Friday’s payrolls report was exactly what those of us who are bullish on the US economy were looking for; a continuation of the good news. There is a lesson to be learnt here from the world of magic.
When viewing a magic trick it is always a good idea to keep half an eye away from the action. As much as the glamorous assistant, fireworks, dazzling lights and hand motions are pulling your view one way, the real action is taking place elsewhere. It is the action that is not seen as a headline that actually gives us the end result. We will know that the magic trick of a recovered economy is complete when it no longer is viewed as news.

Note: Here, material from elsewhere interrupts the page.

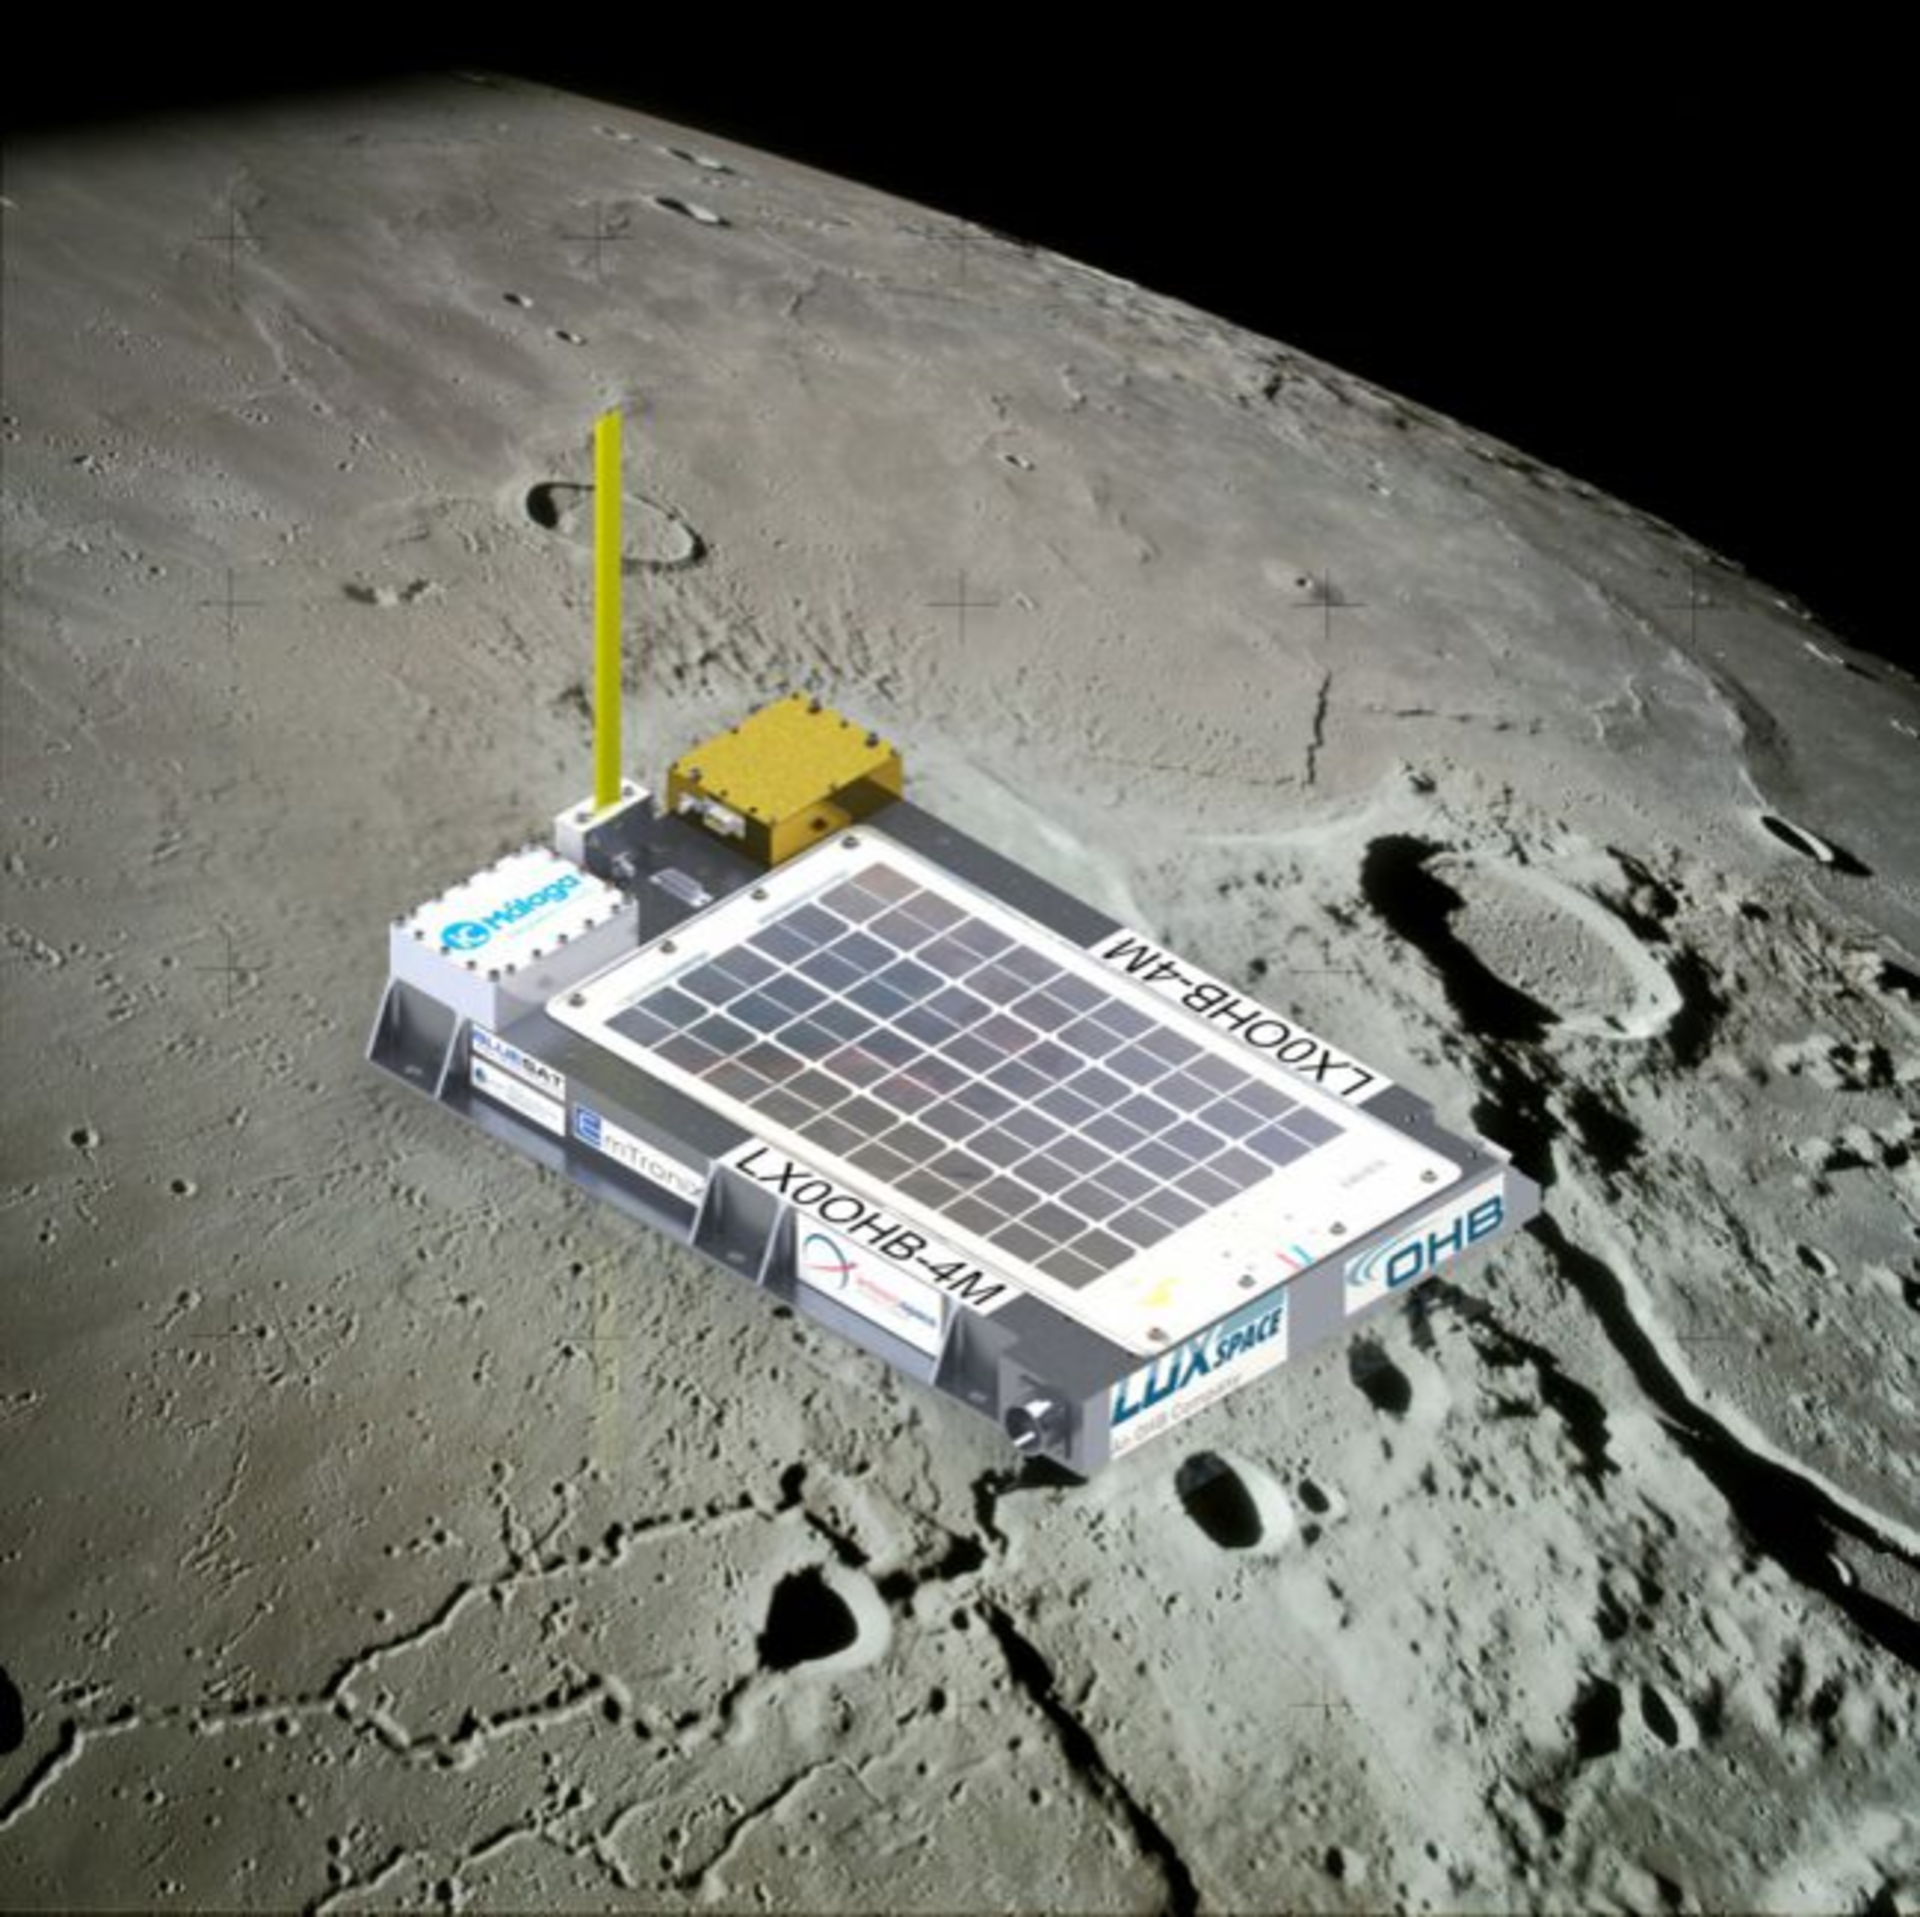 4M Manfred Moon Memorial Mission

As we summarised in this morning’s note, 214,000 jobs added against a consensus view of 235,000 keep the days of job creation very much ongoing and with both wage levels and the rate of participation falling, the internals were also decent.
What this does from an immediate market impact is maintain the belief that the divergence between the largest three developed economies can very much be maintained. Of course, this does not involve a massive sea change in policy expectations from the Federal Open Markets Committee and we maintain our view that the Fed Funds rate will increase in Q3 2015 for the first time since June 2006.

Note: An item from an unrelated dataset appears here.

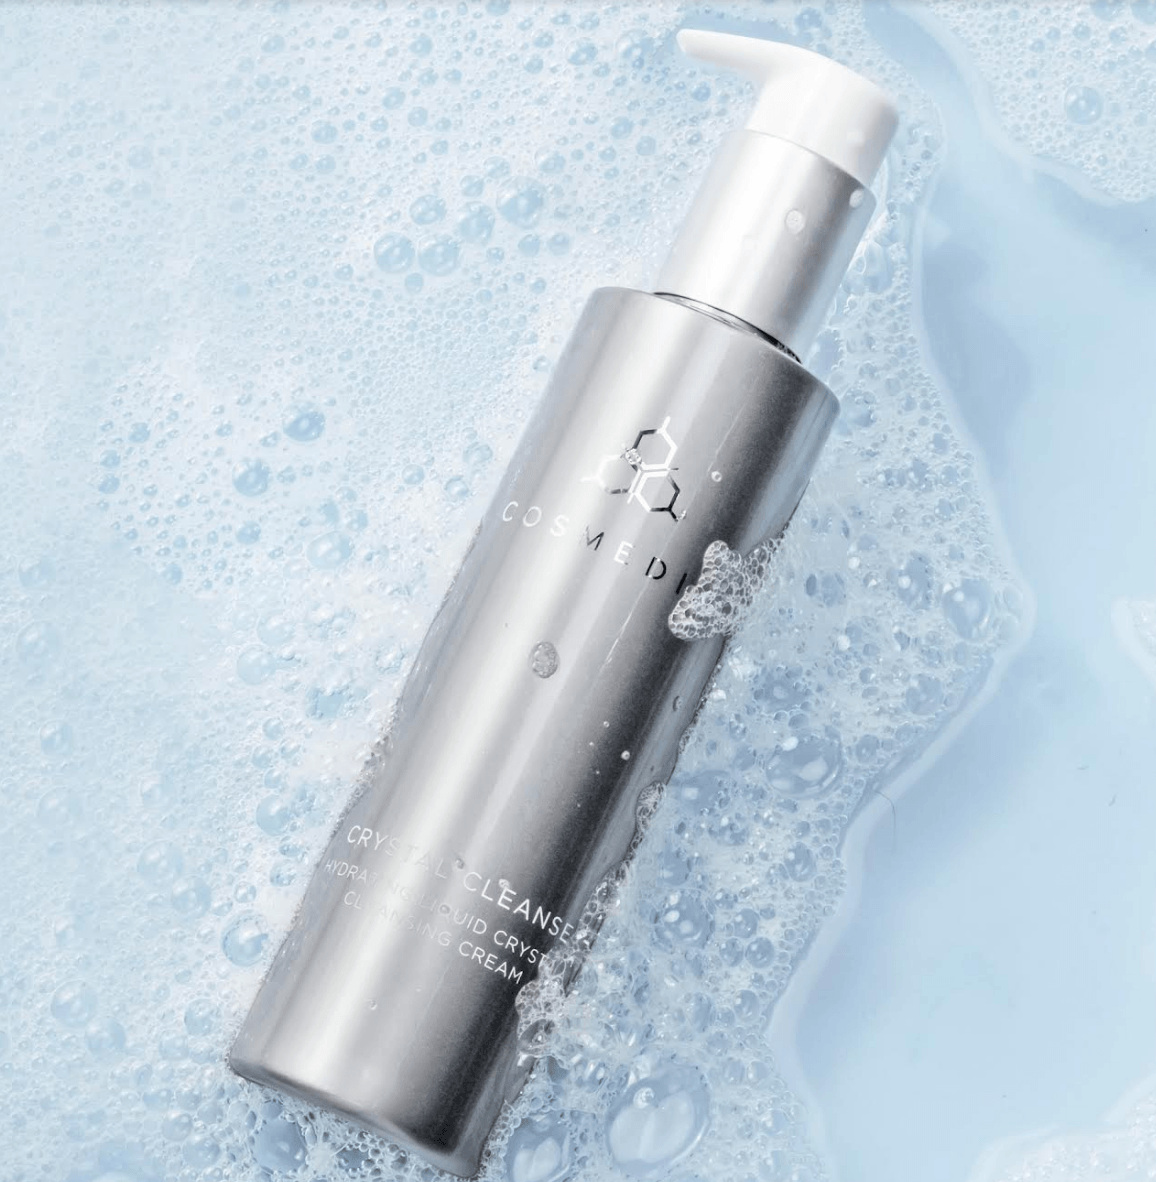 COSMEDIX Crystal Cleanse NEW CLEANSER - Exquisite Laser Clinic

The real highlight of this shortened week from the US will be Friday’s retail sales figures. October’s non-manufacturing ISM, published last week, continued the falls back from the highs seen in August and we would expect a similar drag to occur on Friday’s figure.
The propensity for consumers to save money between the end of the summer with back-to-school rush and the run into Christmas typically leaves October as a strange month for retailing. As we have stated before however, the falls in energy prices have an obvious effect on disposable income levels and with the oil price continuing lower there will have been more cash in back pockets. We are looking for a 0.1% increase on the month.
The quiet nature of this week is likely to continue into December, I believe. With no FOMC meeting this month, arguably the most important economic release already done with and Thanksgiving just over the hill, we can see markets taking their foot off the gas this week. Obviously there are speeches from Fed officials including Fed presidents Charles Plosser (Philadelphia), Narayana Kocherlakota (Minneapolis) and James Bullard (St. Louis). As with all speeches we will be looking for hints around job creation, market volatility and growth fears for any new indication of when interest rates will finally lift higher.